Hello,
I’m aware of Optimizing storage for historic time-series data, but in this specific question, I’m not interested data retention or moving old (cold) data to another table, etc.
I want to understand better what kind of basic optimizations/techniques should be used when creating a time series table with the following structure, stored on a 3-node CrateDB cluster, each node with 64 GB RAM , 16 CPU cores and 500 GB storage:
CREATE TABLE IF NOT EXISTS emre.test_table_001 (
time timestamptz NOT NULL,
location_id text NOT NULL,
device_id text NOT NULL,
sensor_reading_01 double precision,
sensor_reading_02 double precision,
...
sensor_reading_50 double precision,
);
Combination of (time, location_id, device_id)
is unique .
Let’s assume that:
- this table stores sensor readings from various devices identified by
device_id
, residing at a geographical location identified by alocation_id
. - the sensor data is sent to a .NET application, and this .NET application INSERTs data into this table every few seconds.

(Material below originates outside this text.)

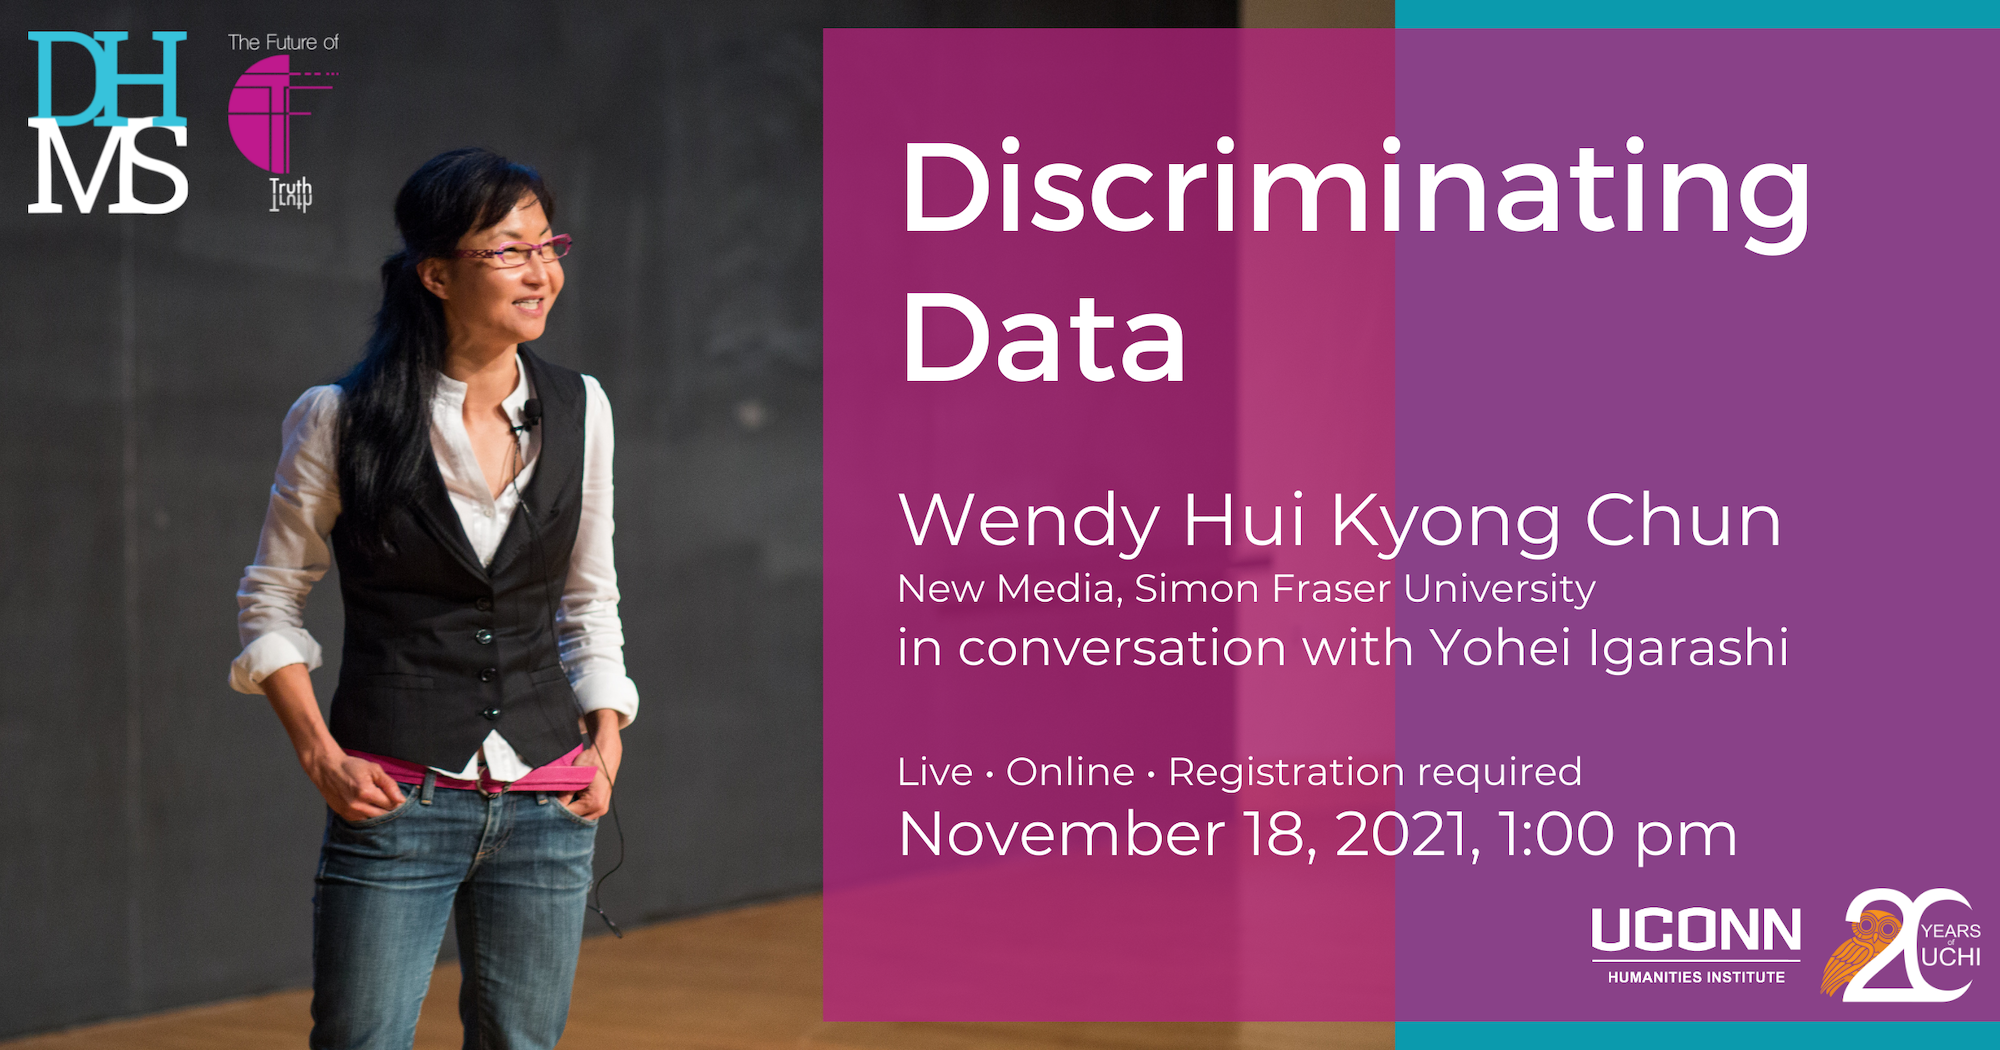 Discriminating Data. Wendy Hui Kyong Chun (New Media, Simon Fraser University) in conversation with Yohei Igarashi. Live. Online. Registration required. November 18, 2021, 1:00pm.

- other .NET applications SELECT from this table to show various dashboards to users, whenever users request these via a web application.
- a user is generally interested in the time series data for 1 or more devices in a single location in a given web page request.
- currently there are about ~80 devices scattered to ~50 different locations, sending sensor readings every second.
- ‘ hot data ’ should be available for about 3 months, meaning, currently hot data is about 100 million rows , but as new locations and devices are added, the amount of ‘ hot data ’ is estimated to be on the order a few billion rows .
Based on these assumptions and the ‘naive’ table CREATE command above, what would CrateDB experts say, with respect to the following topics and table parameters:
- Indexing: as far as I understand CrateDB creates indexes automatically, but coming from a PostgreSQL background, I wonder if I should also create some other indexes manually based on the conditions specified in WHERE queries in .NET applications?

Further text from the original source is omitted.